Witam, mam taki mały problem, strasznie mnie denerwuje jak po dziurach sie jedzie i tłucze mi sie zacisk, luz jest na tej srubie na klucz wpustowy co sie podnosi jarzmo do góry żeby wymienic klocki. Czy to normalne, da się coś z tym zrobic, problem wystepuje tylko na lewym zacisku.
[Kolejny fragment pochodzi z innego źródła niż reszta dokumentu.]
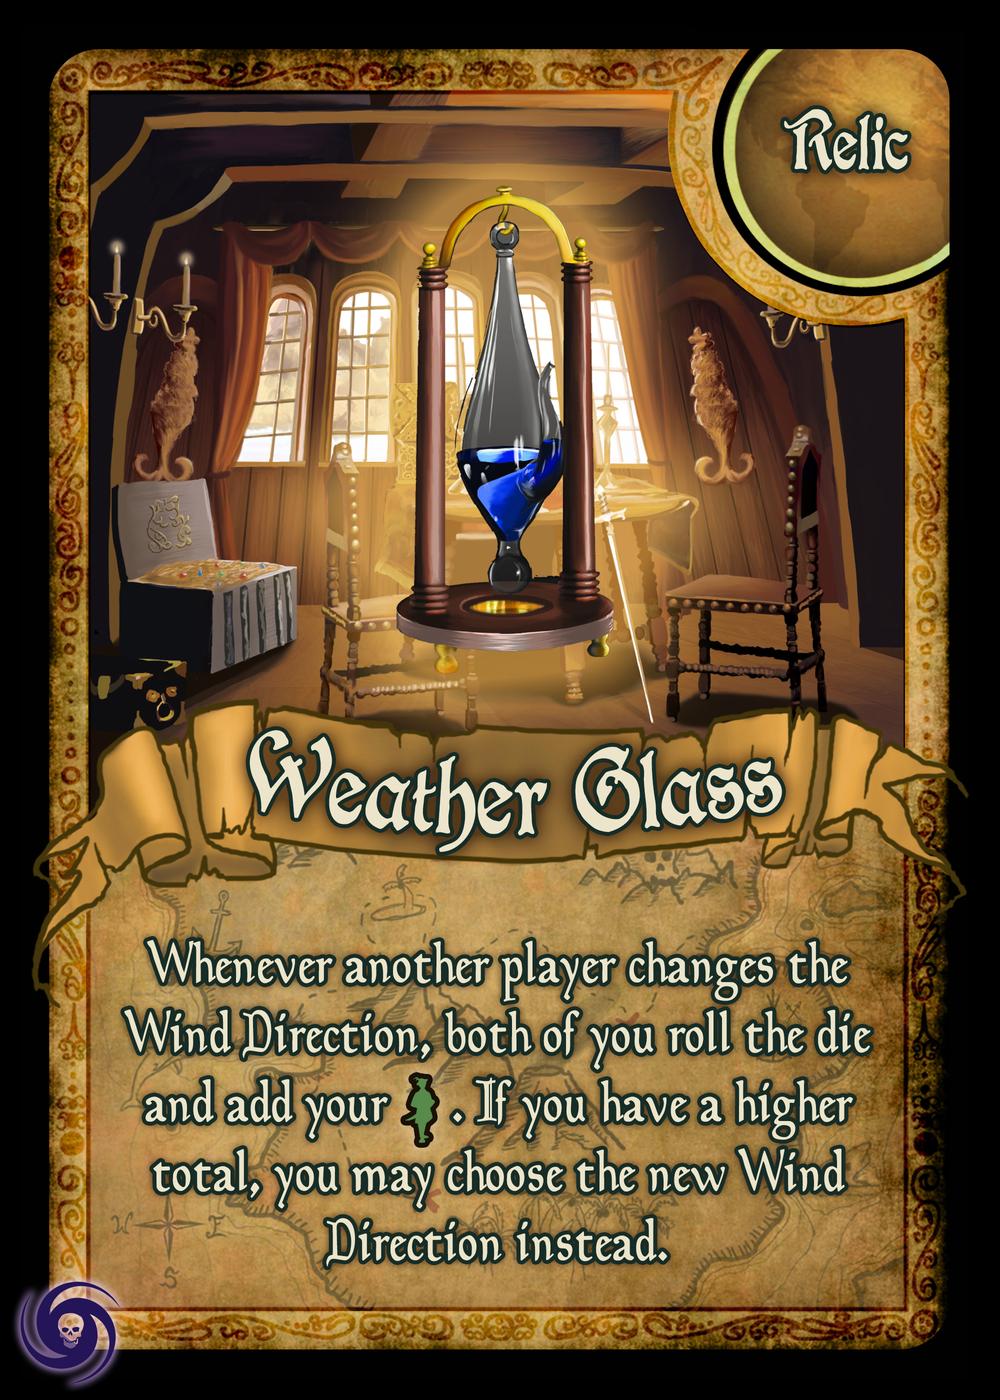 weather-glass.jpg

Jakis problemów z hamowaniem nie ma tylko to denerwujące pukanie na dziurach.
pezet3,przerabiałem temat zacisków ostatnio,w moim mk7 nie ma żadnej śruby na klucz wpustowy ,jest trzpień zabezpieczony zawleczką,co ty masz za zaciski?
Na dole owszem jest sworzen zabezpieczony zawleczka, a u góry jak masz śrube dzięki ktorej odchylasz jarzmo do góry i wlasnie na tej subie jest luz
koledze zapewne chodzi o prowadnice zacisku hamulcowego (to metalowe coś na foto):
http://www.motoneo.pl/img/3/mid/260059.jpg
W tym wypadku najlepiej kupić zestaw naprawczy taki jak na foto (tyle ze nie koniecznie ten numer, bo foto znalazłem w sieci tak dla pokazania o co biega).
Nie zakontaktowałem,trza było napisać prowadnica zacisku,ale tam powinien być minimalny luz,jak chcesz hamować?ewentualnie poleciała któraś z tych osłon met.-gum.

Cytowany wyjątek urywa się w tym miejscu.